When fluid flows over the piezoelectric surface, analytes of interest bind to the target molecules increasing the mass on the surface which causes a shift in the BAW frequency that can be translated into a known concentration. Because it is oscillating at 3 GHz, it has high sensitivity making it a reliable and accurate test.
The Qorvo Omnia platform features a portable test instrument, microfluidic cartridge and secure connectivity. The microfluidic cartridge design enables specific binding with additional wash steps similar to central lab instrument operation and demonstrated results including 100% specificity during clinical trials.
BAW enables surface-based mass measurement using high frequency and surface binding. BAW allows for multiplexing (multiple analytes from a single sample) and the test cartridge is designed to measure across multiple sample matrices such as whole blood, serum, plasma, saliva and more. The goal is to enable clinicians' access to test data in minutes.
Here are the steps:
Qorvo Biotechnologies brings a unique approach to the health diagnostics testing landscape by leveraging the power of BAW RF technology—a proven technology currently used in numerous products cellular infrastructure and mobile phones.
- With BAW RF technology, sensitivity (Limit of Detection) increases with frequency
- Qorvo’s BAW resonates at 3 GHz frequency
- Sensitivity scales with the square of the frequency, making certain assays capable of 1 pg/mL LOD with BAW
- Changes in mass from surface binding are easily measured through RF detection
- Fundamental technology enables millions of mobile phones worldwide — repurposed as a high sensitivity sensor for use in biotechnology applications
Test Cartridge and Reagent Carousel:
- Low-cost injection molded cartridge body contains the BAW sensor and a pipette tip
- The foil-sealed reagent carousel contains reagents and wash buffers to reduce non-specific binding—the cartridge/carousel acts as a portable laboratory chemistry bench
- The Omnia instrument actuates the carousel motion during the test process
The Omnia™ Platform Features:
- A small instrument measuring 10” x 9” x 5”

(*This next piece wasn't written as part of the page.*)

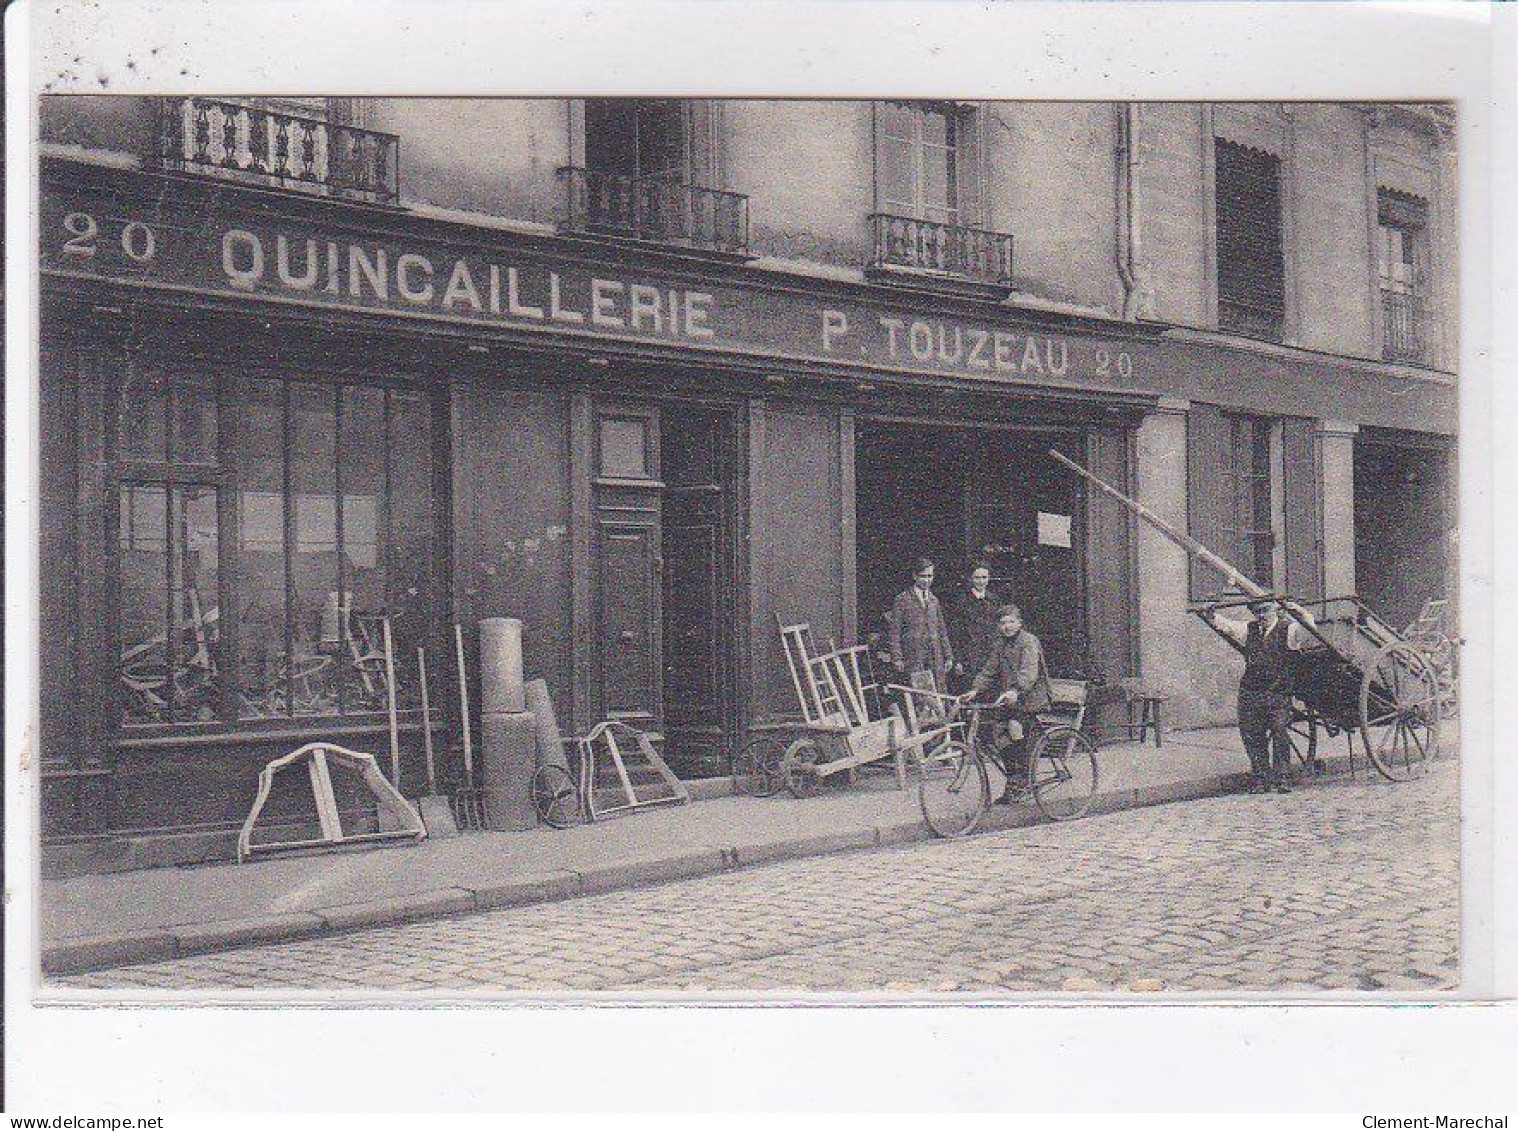 NANTES: Quincaillerie, P. Touzeau - Très Bon état - Nantes

- Menu-driven touchscreen provides instructions for every step of the test procedure
- On-screen test results can be printed or uploaded by Ethernet, Cellular or Wi-Fi connections
It will be very interesting to see what other tests are implemented on this platform and if they test time can be further reduced. This system can be used with many different fluids so could see a wide variety of tests being done on the small, fast platform allowing small doctors offices and vets to utilize on the spot testing for their patients with results in minutes.